Another limitation of this study is the sample size and the recruitment of participants from only a few institutions, which may limit the generalizability of mask-use behaviors and environmental conditions. Storing masks in domestic freezers, even with standardized instructions, may have introduced variability in temperature and humidity that could influence RNA preservation. In addition, restricting sequencing to samples with Ct < 30 likely excluded low-viral-load cases and may have underrepresented circulating variants. Future studies should include larger and more diverse populations, controlled storage conditions, and experimental assessments of RNA stability in different mask materials. These factors may introduce variability in viral detection and should be considered when evaluating the representativeness of our results. Moreover, inter-individual differences in facial anatomy and mask fit can alter airflow trajectories and deposition patterns, contributing to the spatial heterogeneity of viral load observed across mask regions.

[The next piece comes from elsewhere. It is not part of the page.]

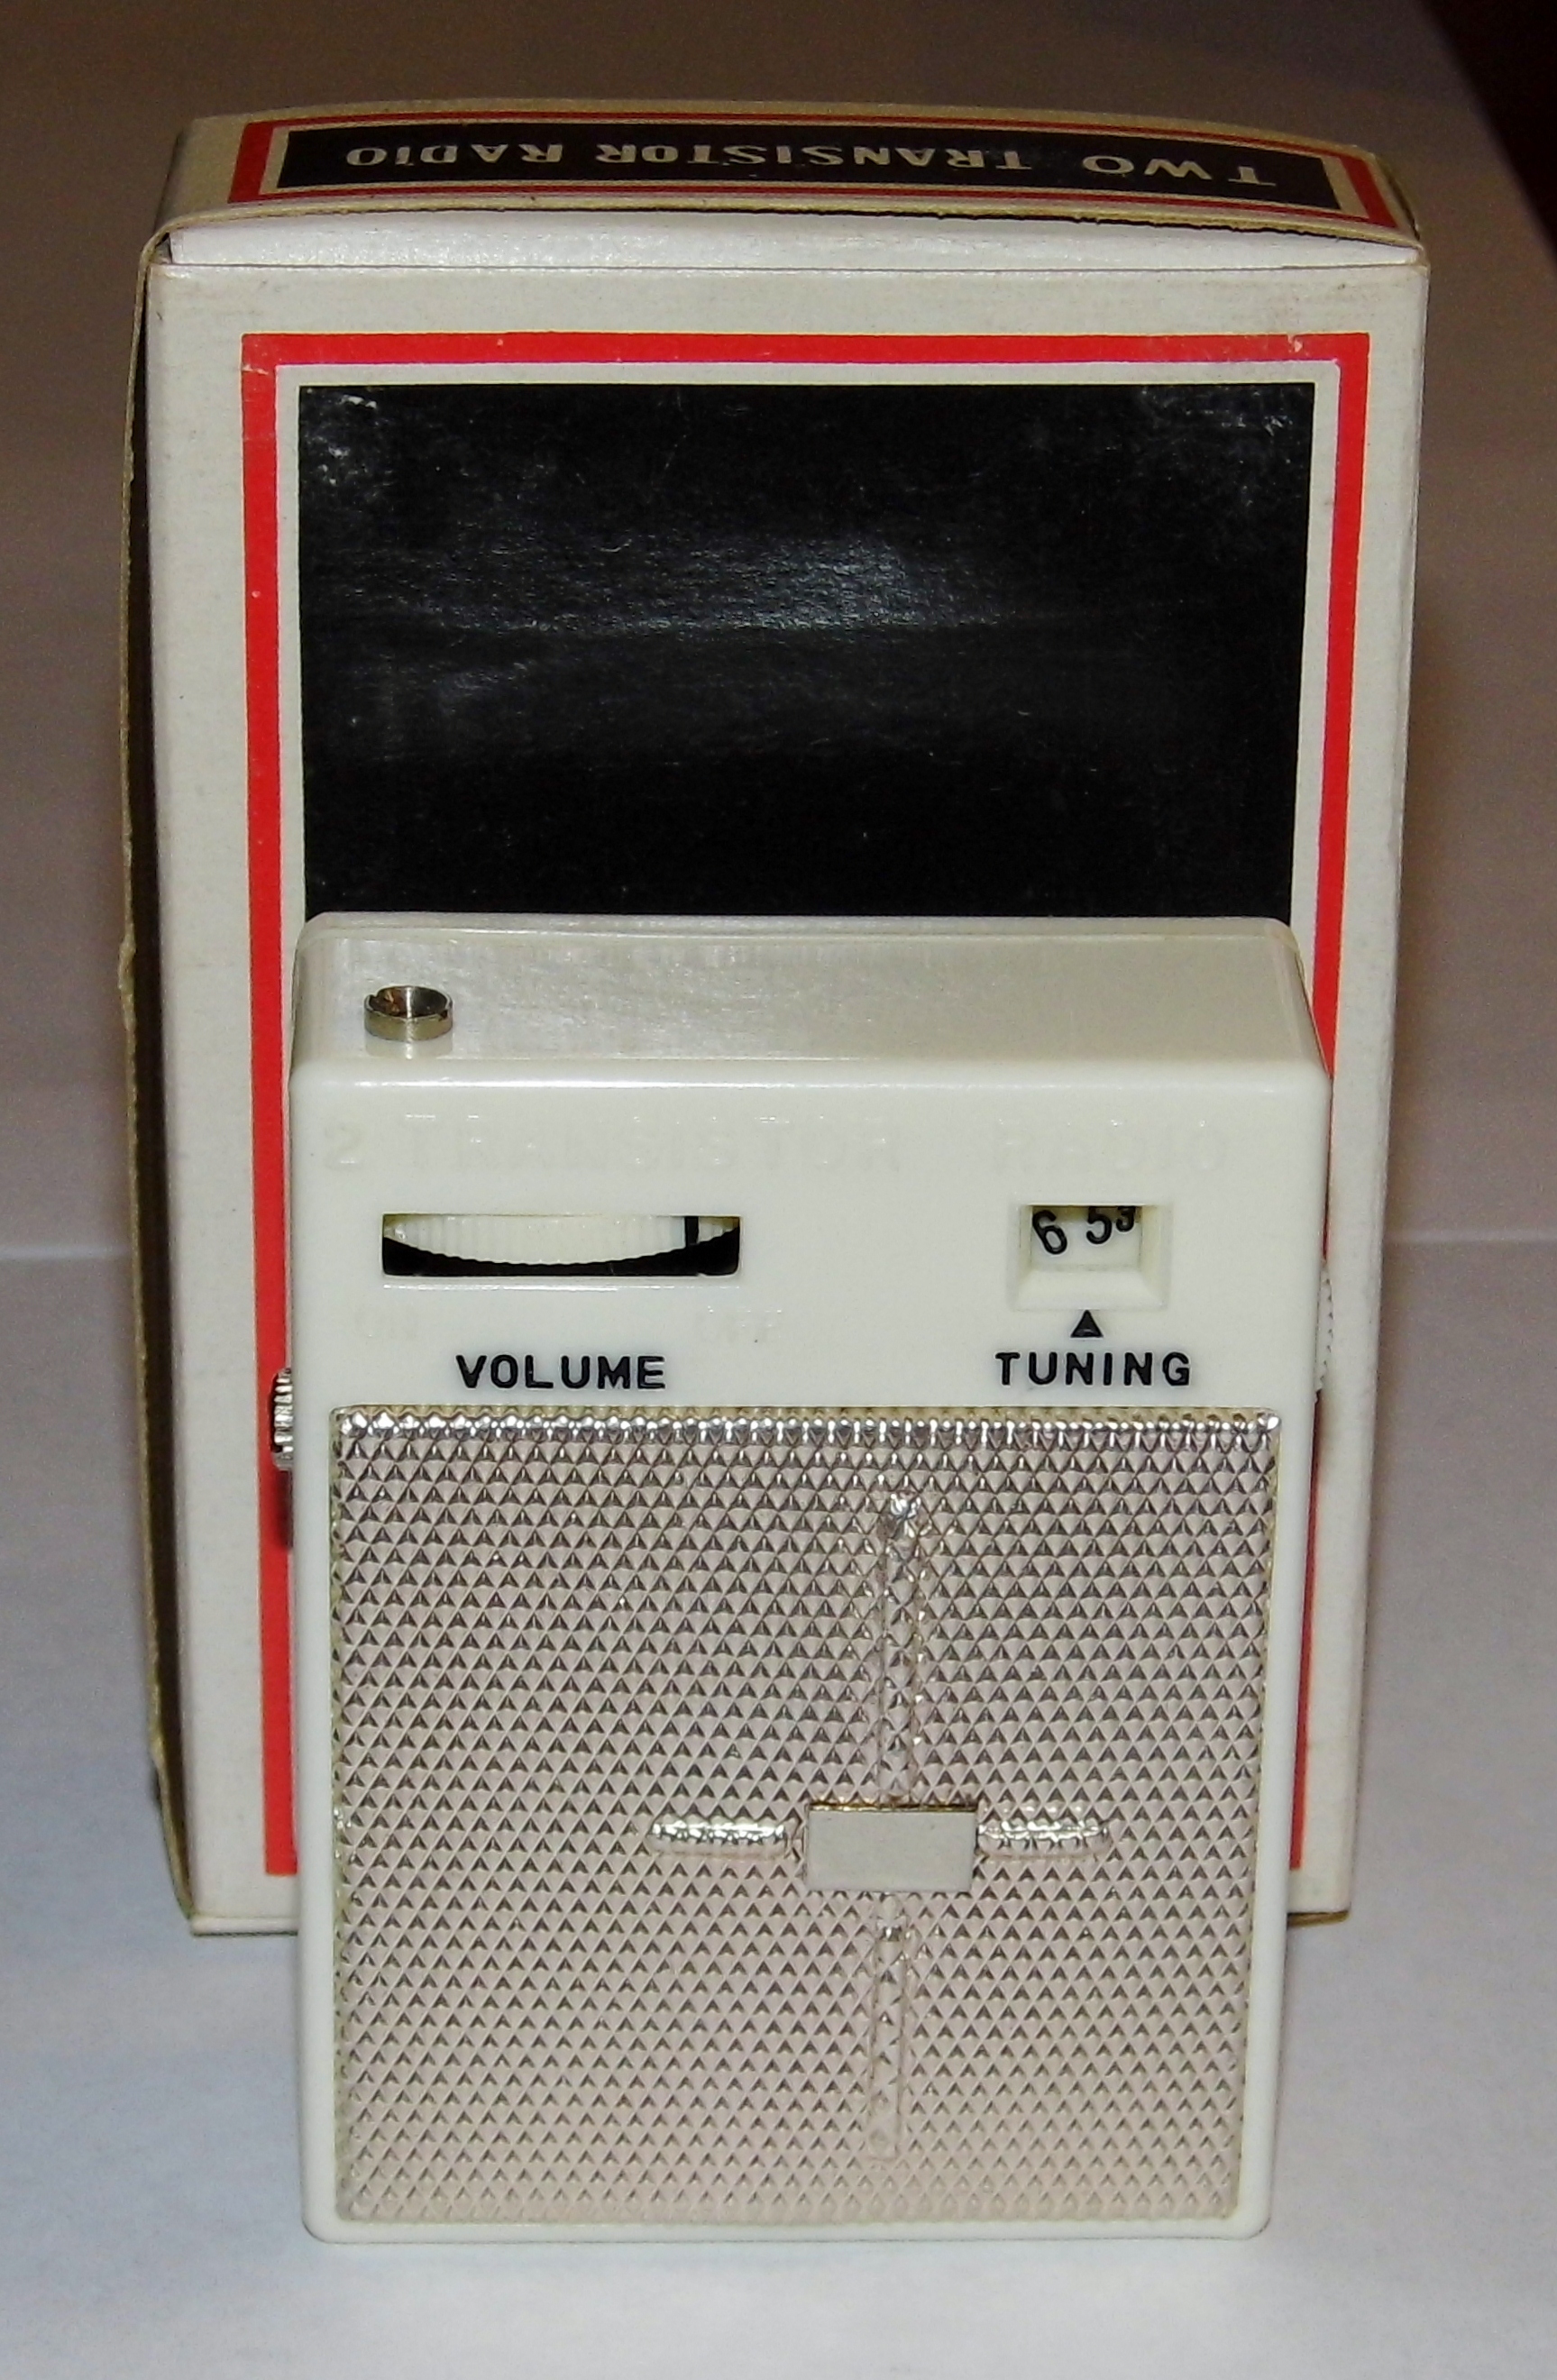 Vintage 2-Transistor Boy's Radio (No Model Number or Manufacturer Name), Made in Japan (8439985320)

Notably, a major strength of this study is the demonstration that masks can serve as a fully non-invasive sampling tool, improving participant acceptability for repeated testing and enabling surveillance at a broader scale in community environments. This approach is particularly advantageous for groups in whom nasopharyngeal swabbing is challenging—such as children, older adults, and individuals with disabilities. Furthermore, mask-based sampling reduces the need for trained personnel and specialized infrastructure, making it a feasible and scalable option for epidemiological monitoring.

5. Conclusions

This study provides a comprehensive analysis of SARS-CoV-2 viral load retention in face masks worn by infected individuals, evaluating spatial distribution across nasal, oral, and lateral regions, and comparing structural differences between surgical and fabric masks. Viral load quantification across internal, middle, and outer mask layers, combined with longitudinal data, was used to investigate viral clearance over time. No statistically significant differences in viral load were observed between surgical and fabric masks across any layer or region. Both mask types exhibited similar performance in the internal, middle, and outer layers of the nose and mouth, and in the lateral sections, with comparable viral loads and high inter-individual variability. Longitudinal analysis revealed a consistent and statistically significant reduction in viral load over time, with an estimated daily decrease of 0.216 log₁₀ units, equivalent to a 39% decline per day. This trend was confirmed through both an LMM and an exponential decay fit (R² = 0.88), supporting the hypothesis of progressive viral clearance through exhalation. Collectively, these findings highlight that both surgical and fabric masks are similarly effective in retaining viral particles on their surface, and that viral contamination of masks decreases substantially with time, reinforcing current recommendations on mask usage duration and hygiene. Furthermore, this study demonstrated the possibility of amplifying and sequencing SARS-CoV-2 genetic material directly from used face masks. This finding reinforces the potential of masks, a readily available and non-invasive source of viral RNA, as a complementary tool for genomic surveillance and monitoring of SARS-CoV-2 circulation in the community. Such an approach could provide valuable epidemiological insights, especially in scenarios where conventional sampling methods, such as nasopharyngeal swabs, are limited or not feasible. Future studies should evaluate whether this mask-based genomic surveillance approach can be extended to other respiratory viruses with similar transmission dynamics.